Deposit rates to go up from Aug-Sep

Last updated on: July 28, 2010 16:31 IST

SBIA day after the Reserve Bank of India hiked its policy rates to control inflation, country's largest lender, State Bank of India said on Wednesday deposit rates in the industry are likely to climb up as early as next month.

"There is an upward bias on the deposit rates. (Rates should move up) by August-September by atleast 0.25 per cent," SBI chairman, O P Bhatt told reporters in Mumbai on the sidelines of an event.

On Tuesday, the RBI hiked its reverse repo rate, at which it absorbs excess liquidity from the system, by a larger-than-expected 0.5 per cent to 4.5 per cent and repo rate, at which it lends to banks, by 0.25 per cent to 5.75 per cent.

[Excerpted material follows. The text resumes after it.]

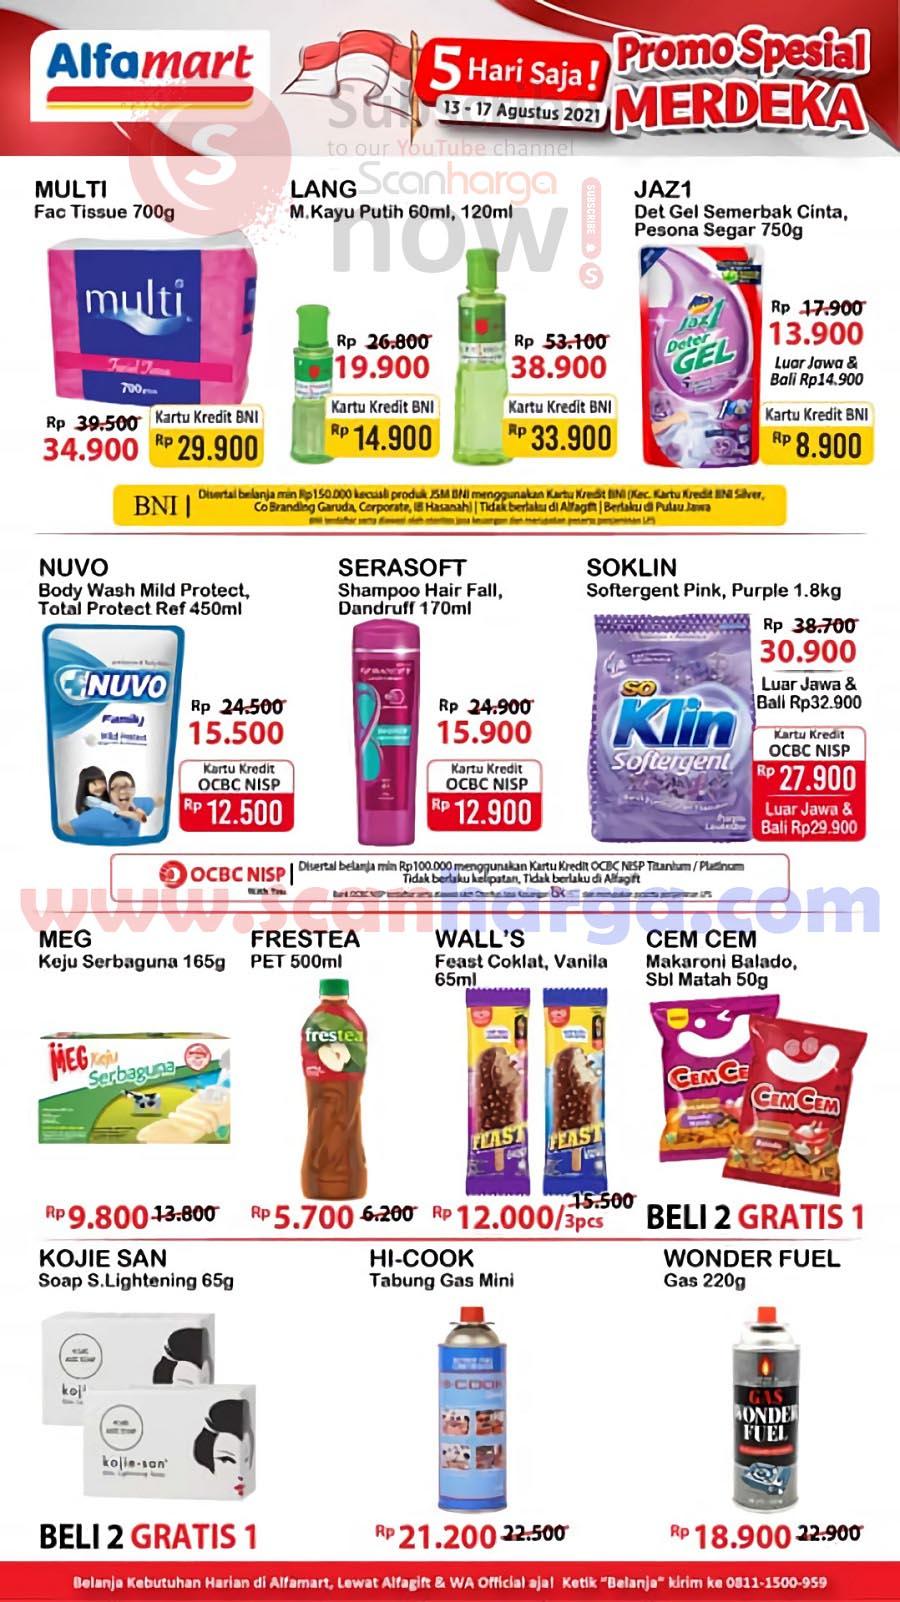 Katalog Promo JSM Alfamart Weekend 13 - 17 Agustus 2021 2

Bhatt, however, ruled out any impact on SBI's margins owing to the likely jump in the deposit rates, as loan growth is also likely to pick up in the days ahead on the back of recovery in the economy, which would help the lender maintain its margins.

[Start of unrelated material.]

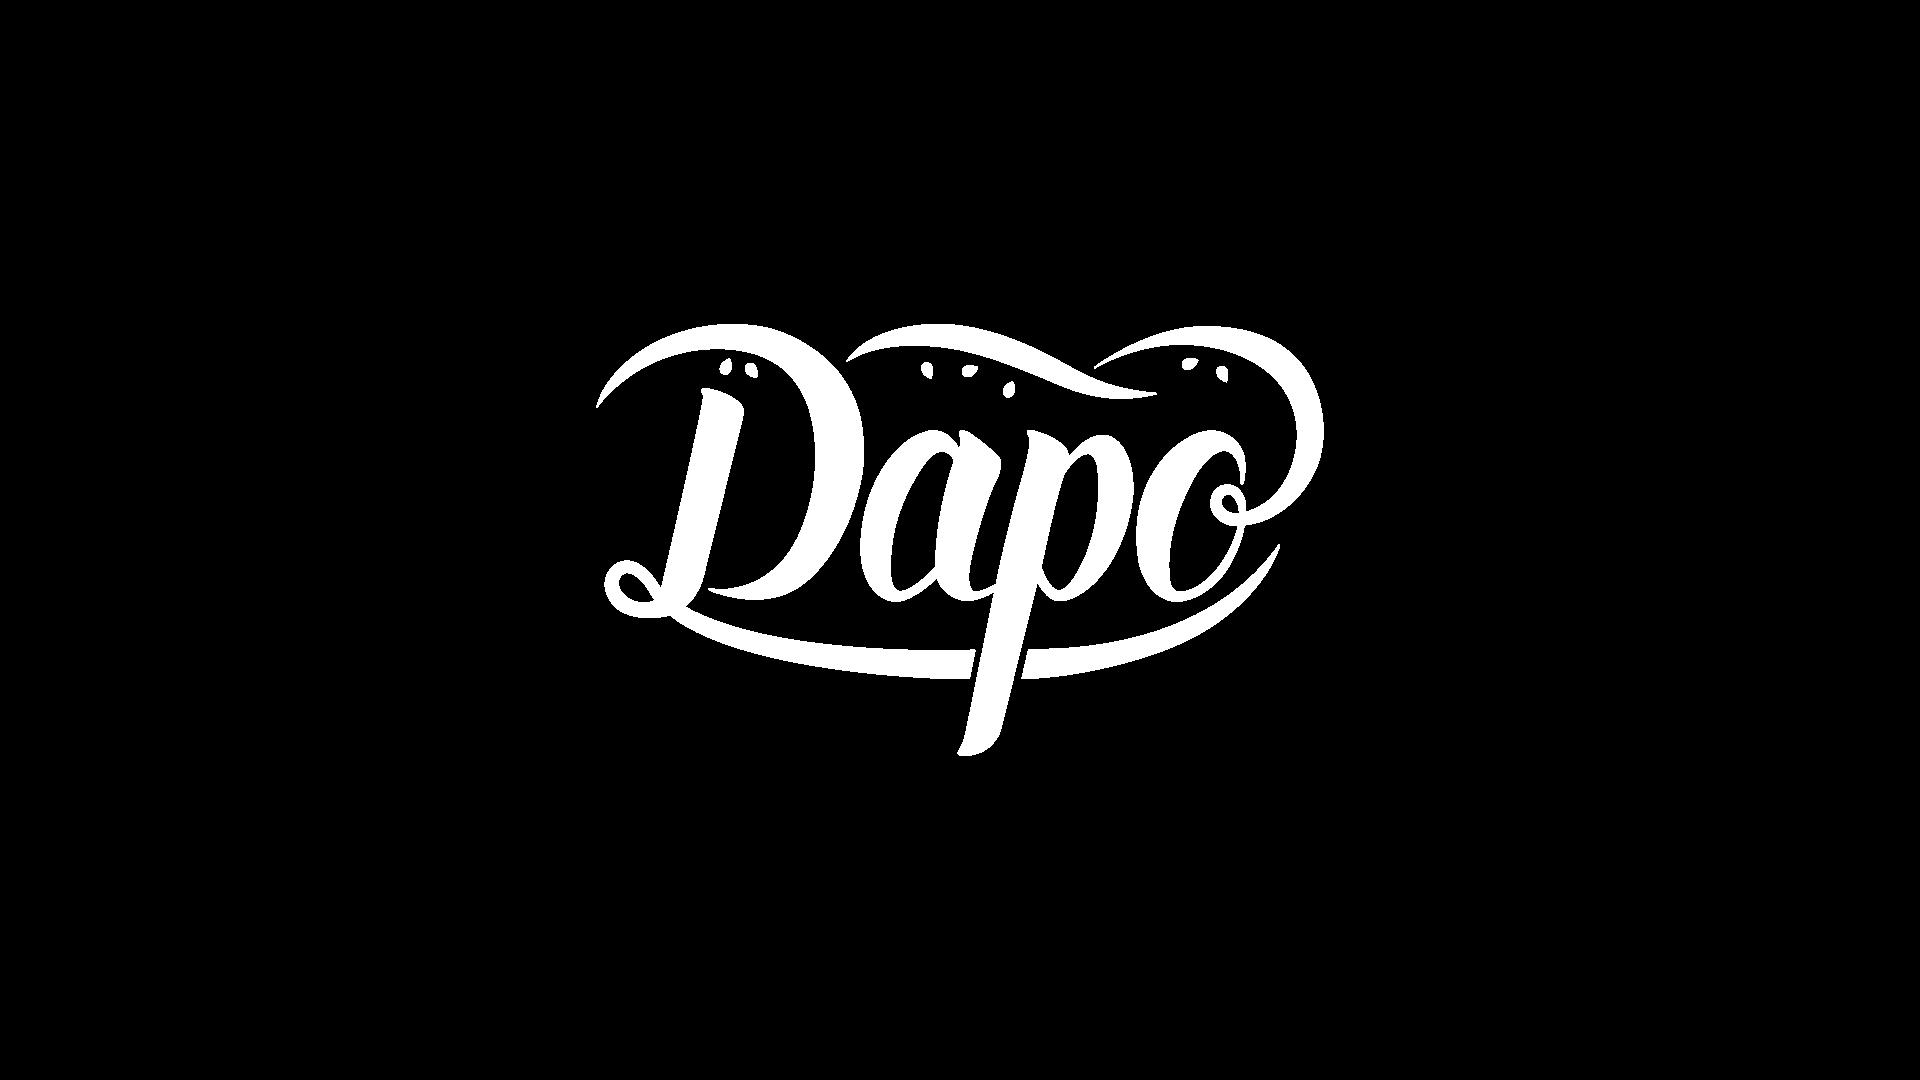 daro-01a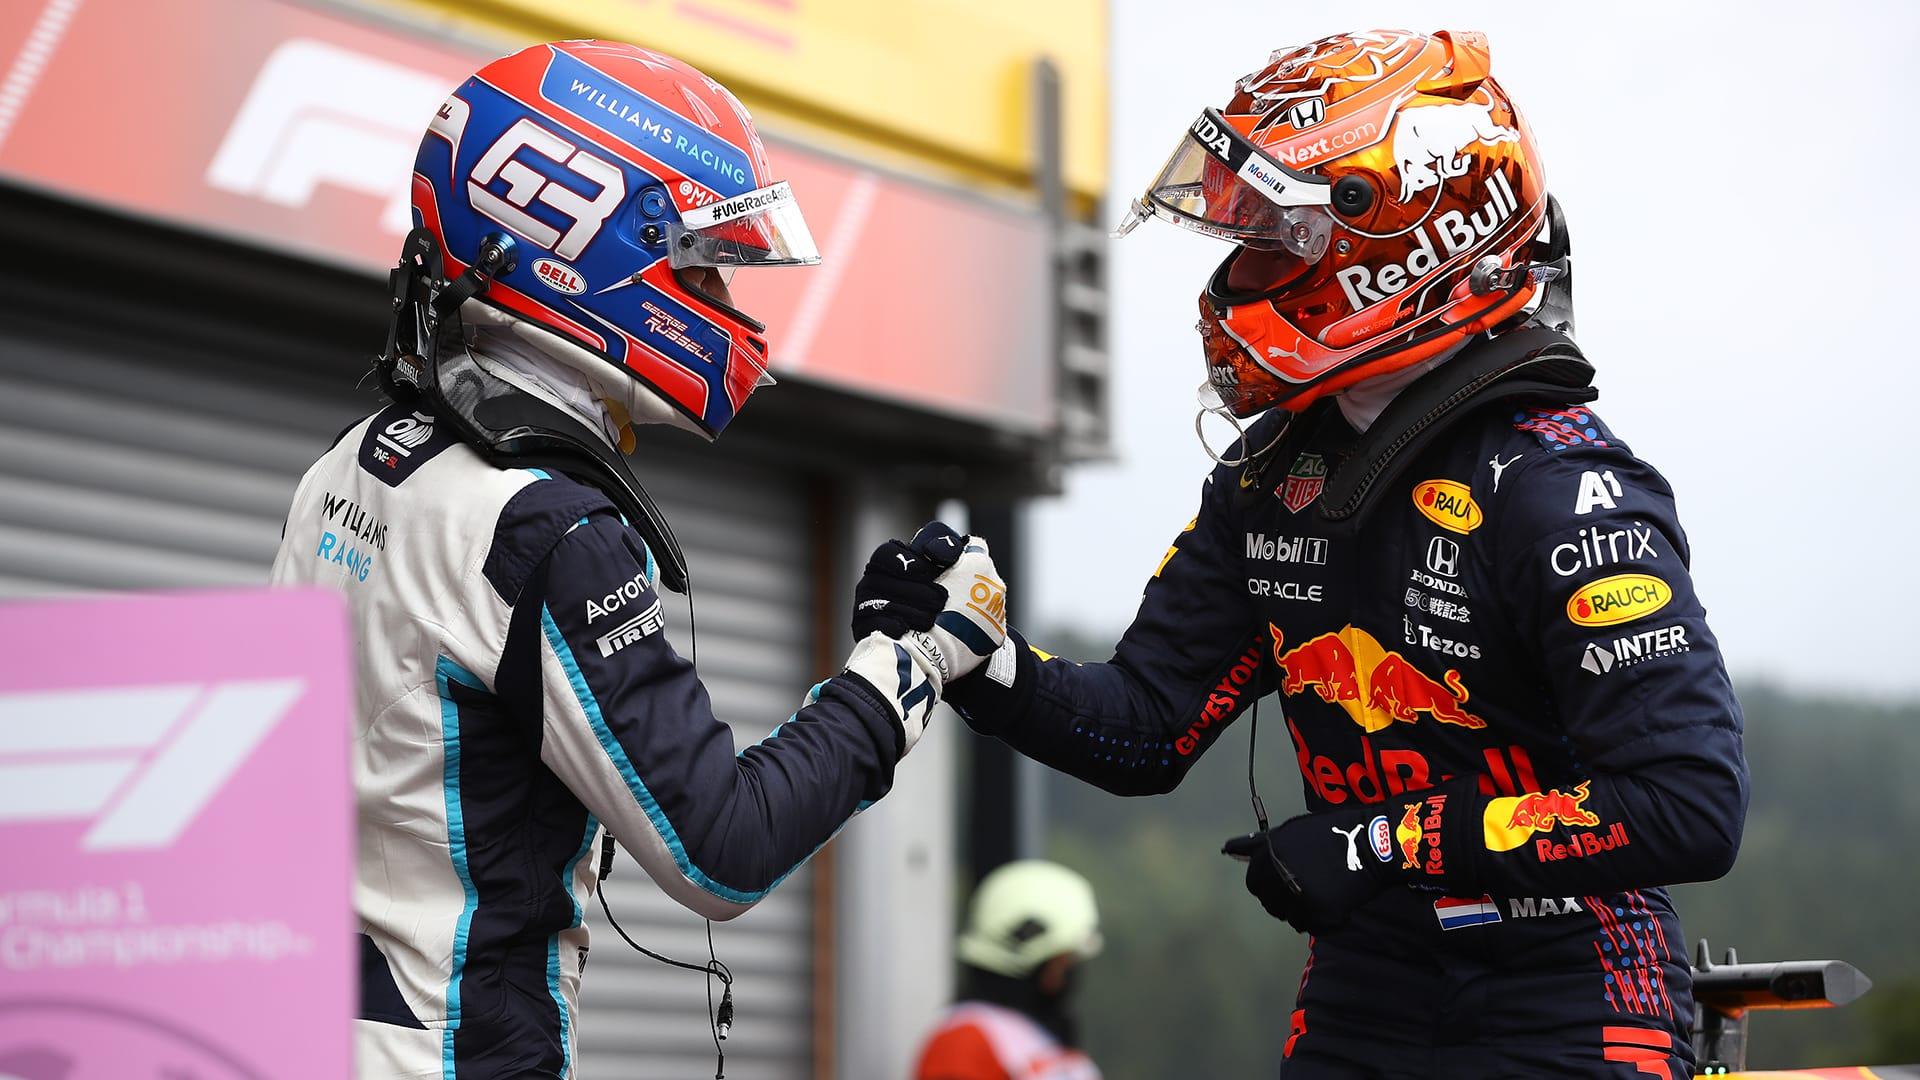 Verstappen consigue la pole en Bélgica, Russell partirá segundo

SBI has seen an increase in its non-performing assets especially from loans given to farmers, Bhatt said.

Talking to reporters on Tuesday after the credit policy announcement, Bhatt had said that 'by and large' interest rates are unlikely to go up in the second quarter.

Asked about the efforts to bail out the debt-ridden aviation industry, Bhatt said the bank is considering ways to give assistance to the airlines.

"Banks have been helping troubled industries from time to time," Bhatt said, without detailing further.

Earlier, speaking at the event, Bhatt said that SBI plans to open five more branches in UK over the next five months, as part of its efforts to make UK as the hub for European operations.

Last week, amid market turbulence and volatility, State Bank had raised $1 billion (about Rs 4,700 crore) through bonds from the US market, paving way for others to tap the market.

Bhatt said the bank would use this amount to lend to its corporate clients abroad, who are seeking foreign currency loans.